People grow very attached to the way things are and innovation and change is disruptive to that


----------



## mussnig (Feb 12, 2022)

jbuhler said:


> There are other libraries that do what Iceni does but more, better, and/or cheaper


I've wanted Iceni for quite some time now and I will most likely pick it up, even knowing that probably sooner or later Albion Colossus will see the light of day. But I would be curious about what people think is a cheaper alternative (taking into account the current sale for Iceni).


----------



## antanasb (Feb 12, 2022)

Like @jbuhler mentioned, isn’t it mainly because of the Kontakt Player compatibility? I have read somewhere that it costs multiple tens of thousands of dollars to make a library Player version compatible... (correct me if I am wrong?)

I assume it also costs to maintain it. Thus, when predicted sales go below the maintenance costs, it is natural that the library may be discontinued...

Now, if a library with SF player would be discontinued, it would be quite a different thing?


----------



## ArtTurnerMusic (Feb 12, 2022)

mussnig said:


> I would be curious about what people think is a cheaper alternative (taking into account the current sale for Iceni).


I would like to see this list of alternatives too!


----------



## carlc (Feb 12, 2022)

ptram said:


> Sooner or later they will also retire Tundra, but it will happen quietly.
> 
> Paolo


Are you implying that Tundra is on the edge of retirement?


----------



## jononotbono (Feb 15, 2022)

Thinking about picking Iceni up. It’s a tricky decision because it’s so obvious it’s gonna be re released. Anyone here buy it and used it and not just bought it to collect? 😂


----------



## Baronvonheadless (Feb 15, 2022)

ptram said:


> Sooner or later they will also retire Tundra, but it will happen quietly.
> 
> Paolo


God damn son! 😂


----------



## Ricgus3 (Feb 15, 2022)

Would love to see anyone who bought this now make a new impression of it in 2022 and how it holds up. Watched Daniel James video which sells it well to me. The walkthrough is not as convincing. 
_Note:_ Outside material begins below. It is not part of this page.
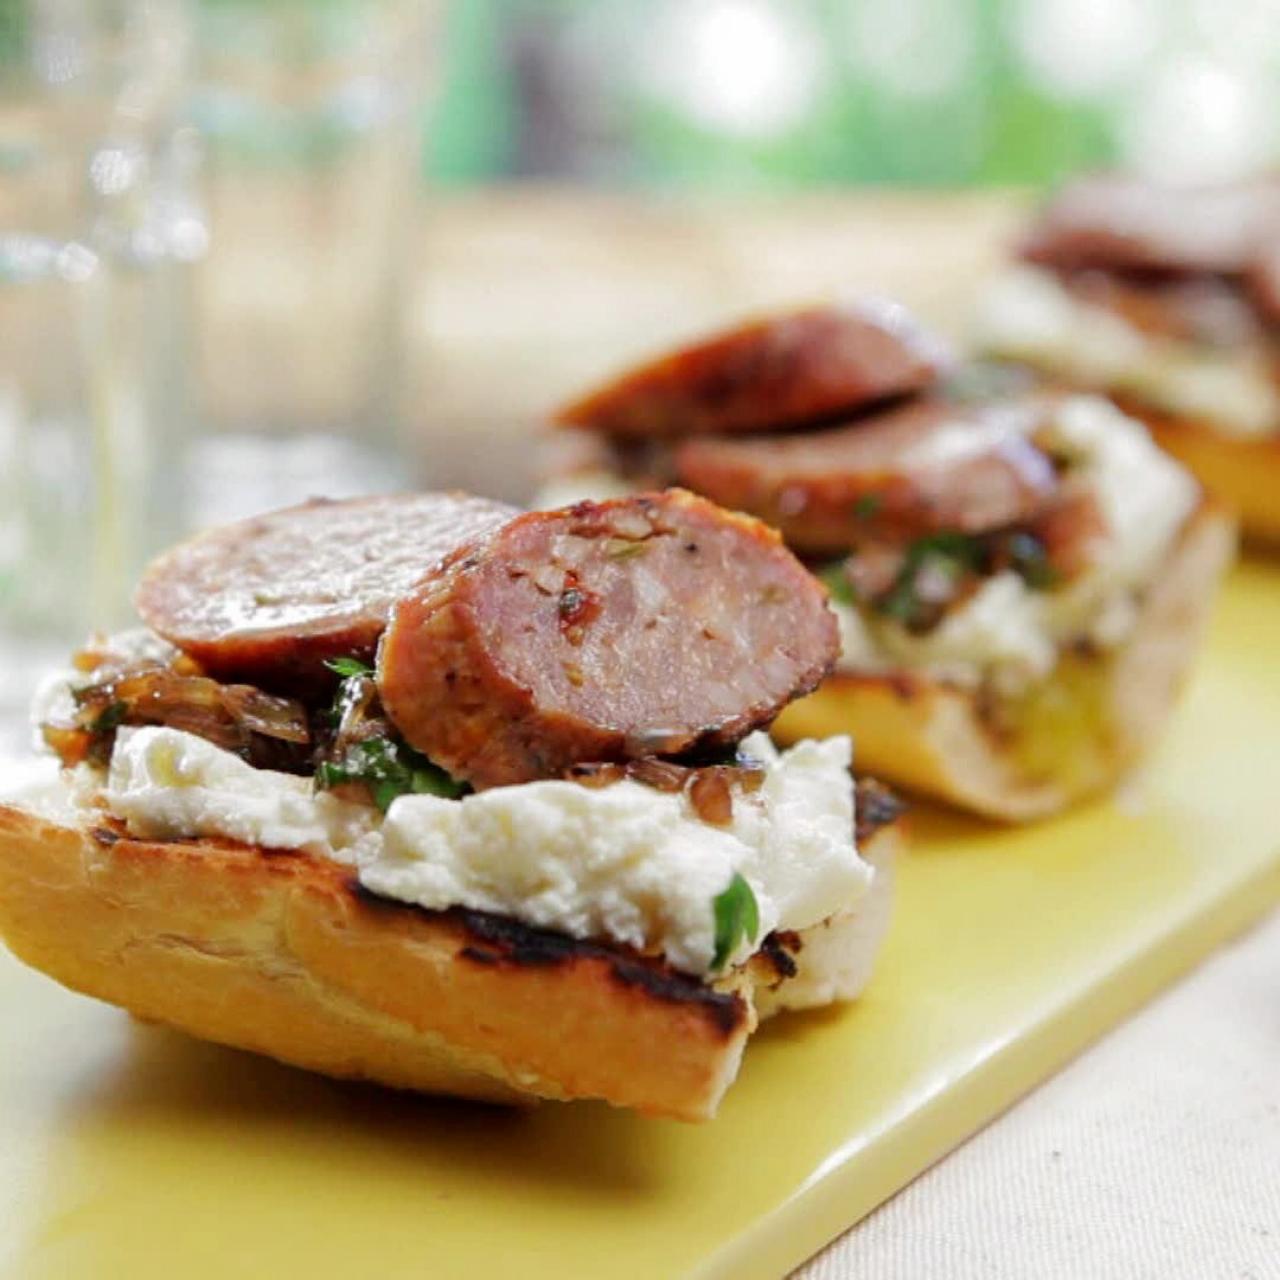 https://food.fnr.sndimg.com/content/dam/images/food/fullset/2013/7/18/0/QF0304H_grilled-sausages-with-grilled-shallot-relish-with-fresh-ricotta-and-toasted-baguette-recipe_s4x3.jpg.rend.hgtvcom.1280.1280.suffix/1377795425276.jpeg

I am feeling the FOMO feelings, I am thinking that even if Albion colossal is new the iceni, if it cost 449€ with a intro price at 20/25% (maybe even some more for owners of iceni?), I could still pick it up any time in the few years, but if it is just as good as iceni but with better legato and the new spitfire player I think iceni would be enough for me, so spending 220€ now to have the opportunity to buy the new Albion later/down the road, or skip Albion iceni and hope the new re realease is really good/greater than the need to get iceni… so much reflections. 

I don’t own A1 but I own Edna and Areia, could use some big string and low woodwind sections.


----------



## thereus (Feb 15, 2022)

Imagine having all those ones and zeros taking up so much space in the warehouse... A business can't just carry all that old stock.


----------



## thereus (Feb 15, 2022)

carlc said:


> Are you implying that Tundra is on the edge of retirement?


Pardon?


----------



## russmyers93 (Feb 15, 2022)

thereus said:


> Pardon?





carlc said:


> Are you implying that Tundra is on the edge of retirement?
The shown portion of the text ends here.